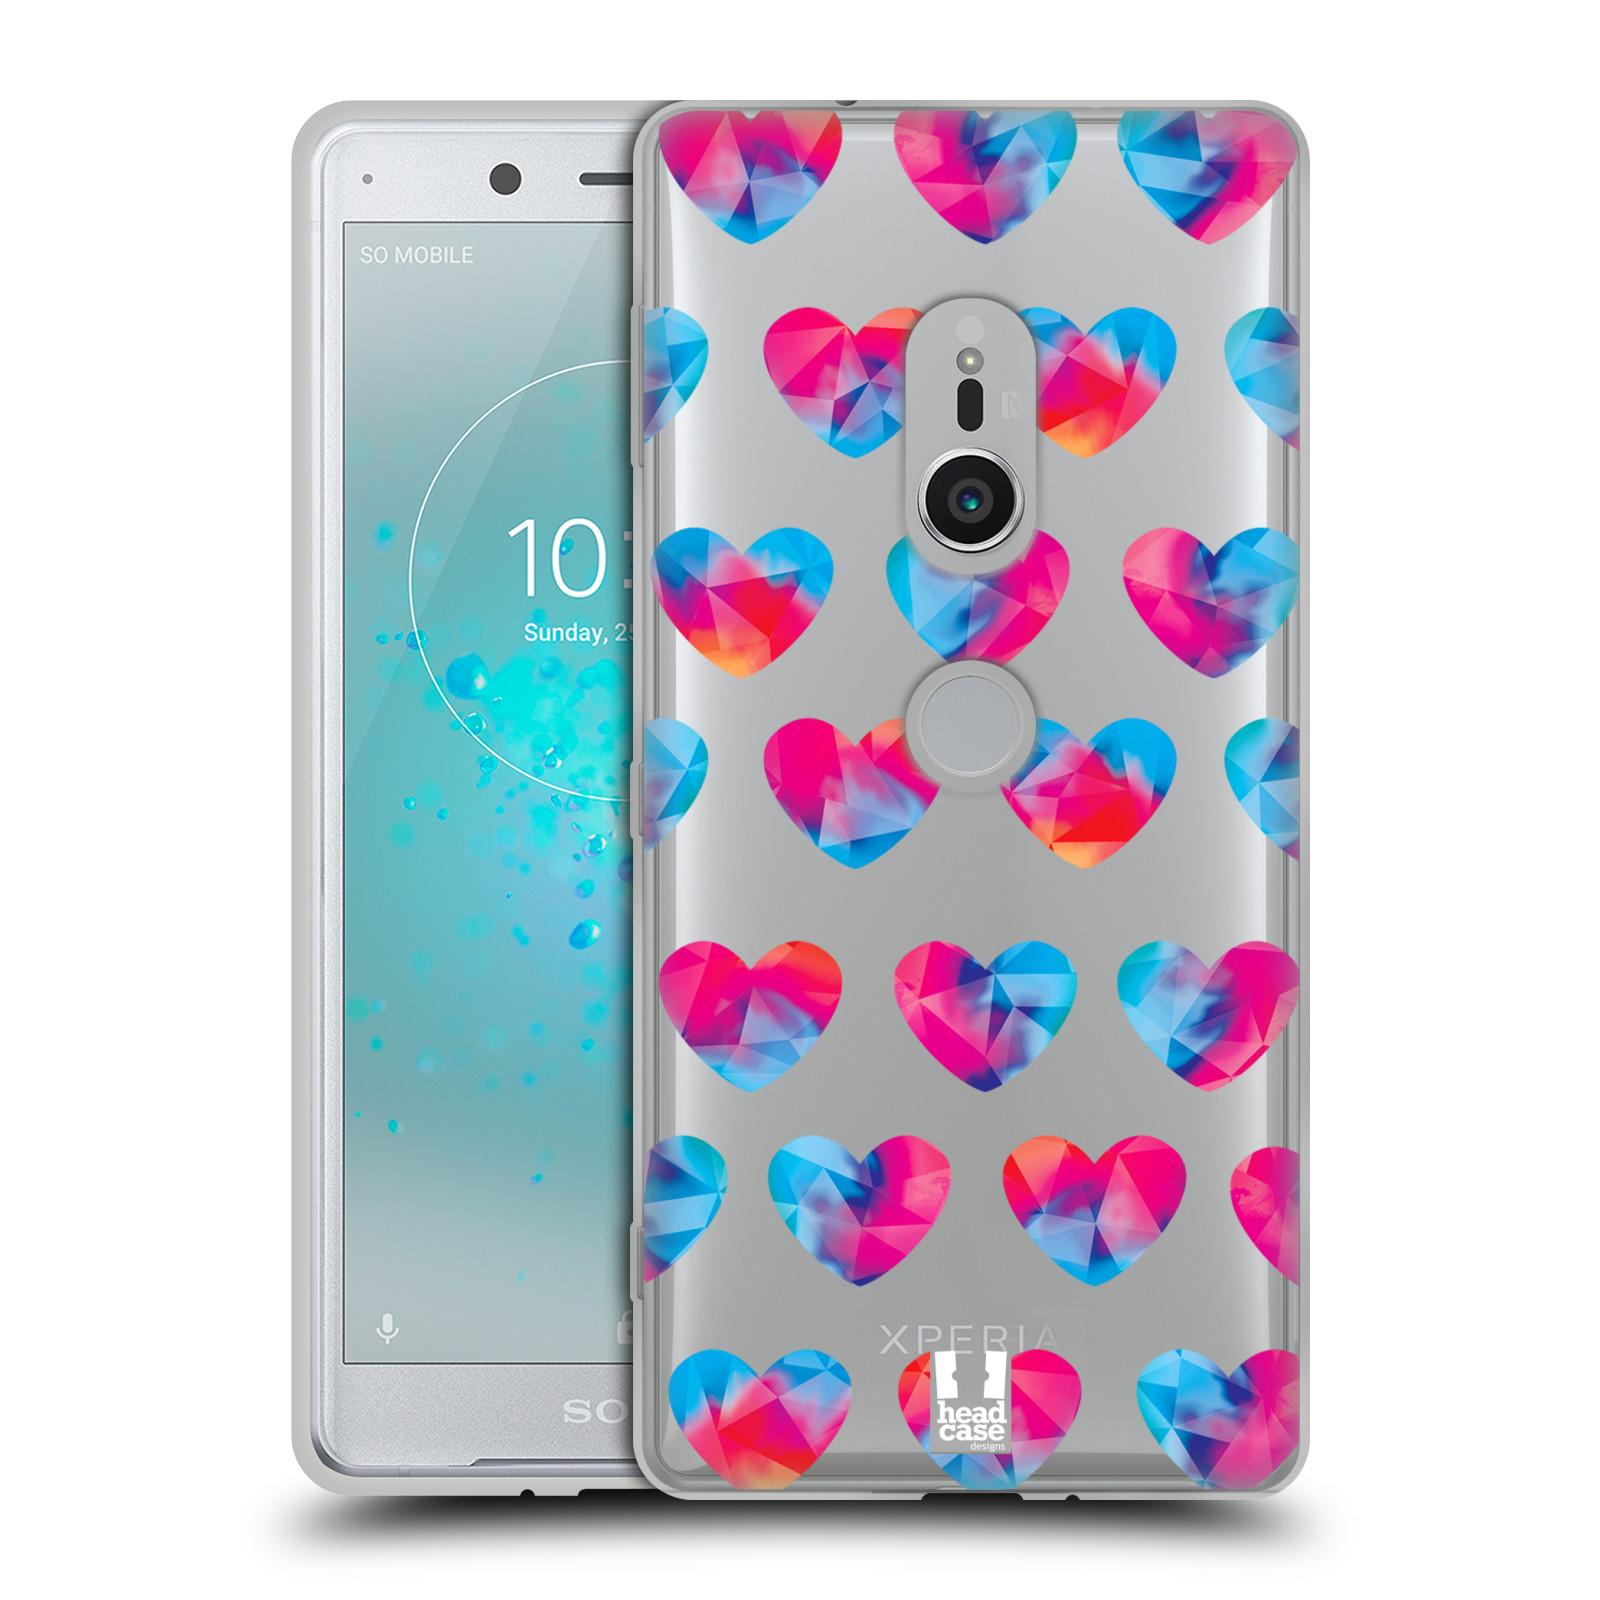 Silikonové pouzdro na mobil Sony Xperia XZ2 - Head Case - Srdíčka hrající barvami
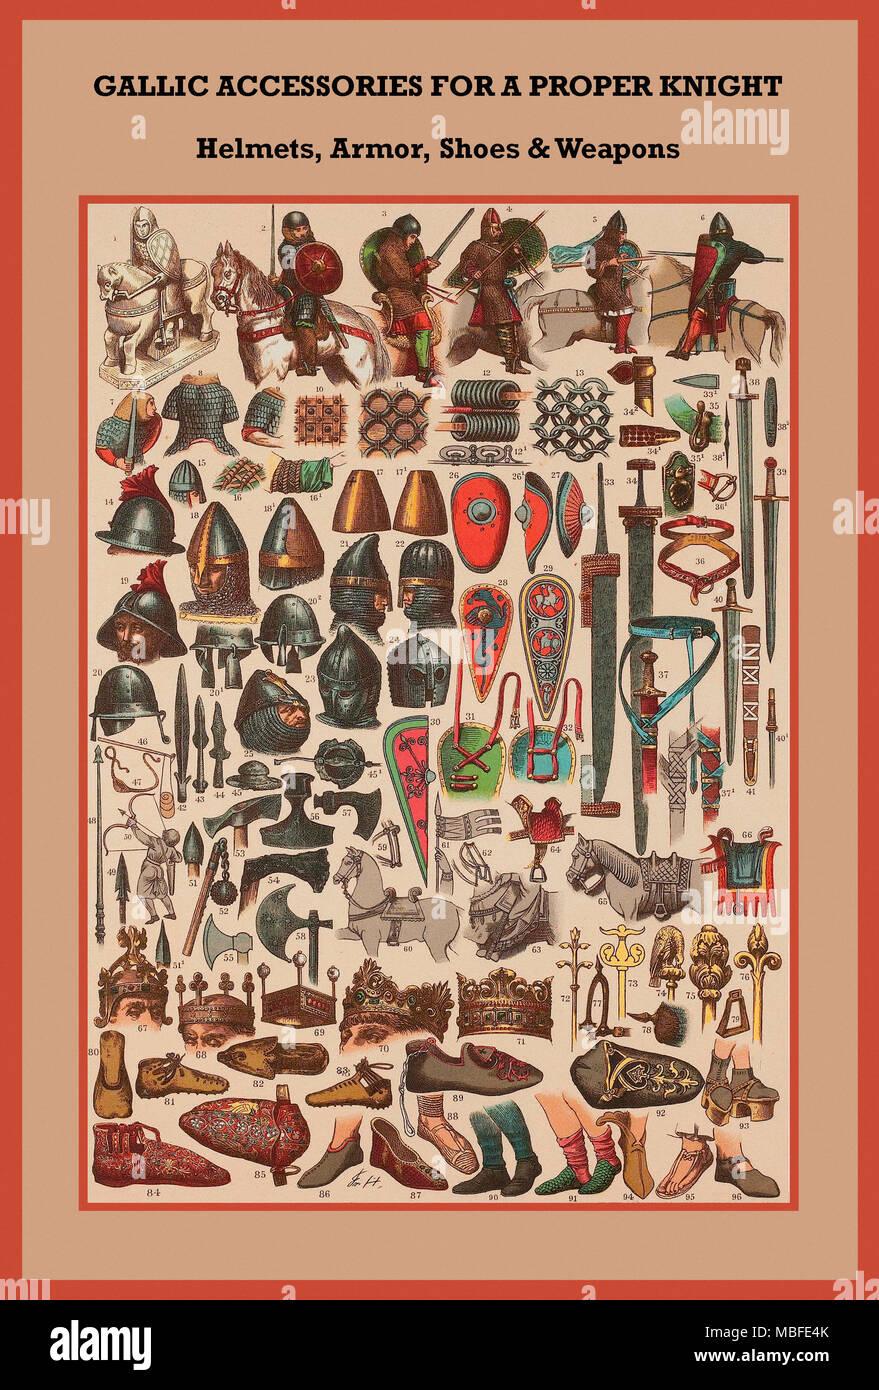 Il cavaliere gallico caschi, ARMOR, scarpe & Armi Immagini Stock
* * *
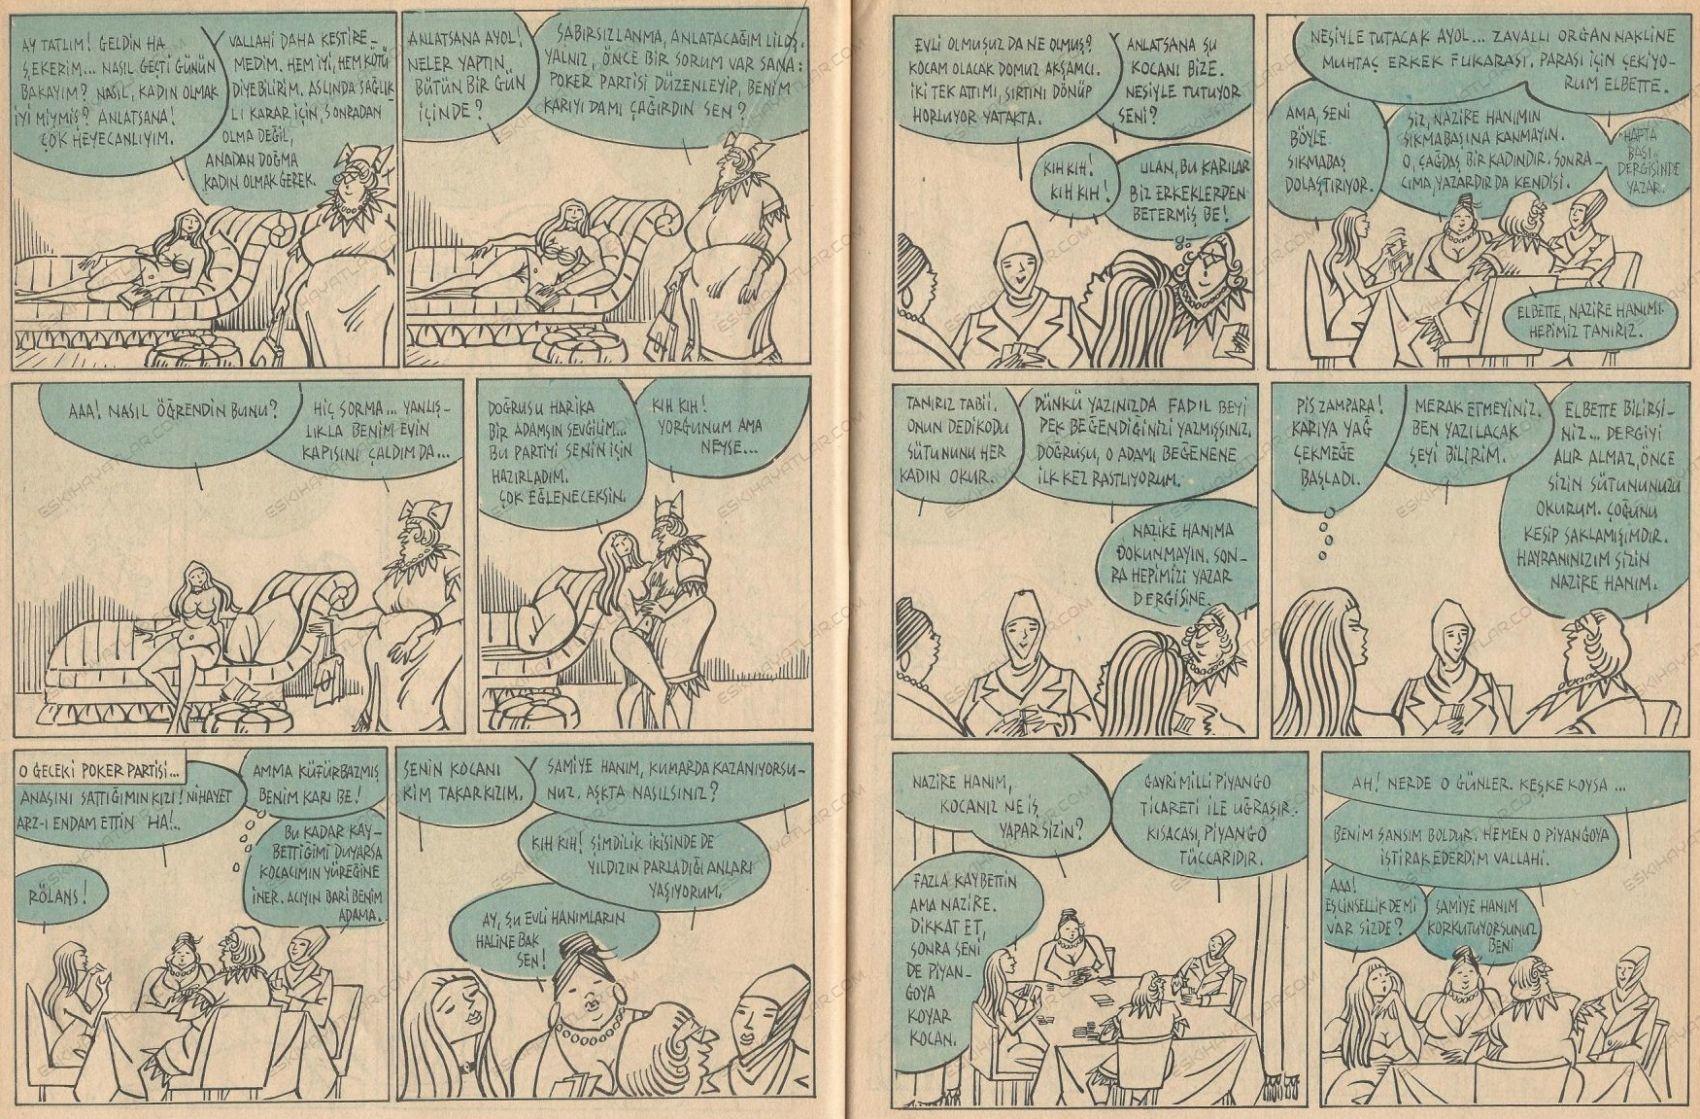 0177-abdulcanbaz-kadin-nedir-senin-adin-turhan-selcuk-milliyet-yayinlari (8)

▸ **AIM OF THE EXERCISE**
With pictures omitted, repeat the entries above word for word from the line holding "Silikonové pouzdro na" down to the line holding "Il cavaliere gallico", keeping both of those lines.

▸ **WORKED SOLUTION**
 Silikonové pouzdro na mobil Sony Xperia XZ2 - Head Case - Srdíčka hrající barvami
 Il cavaliere gallico caschi, ARMOR, scarpe & Armi Immagini Stock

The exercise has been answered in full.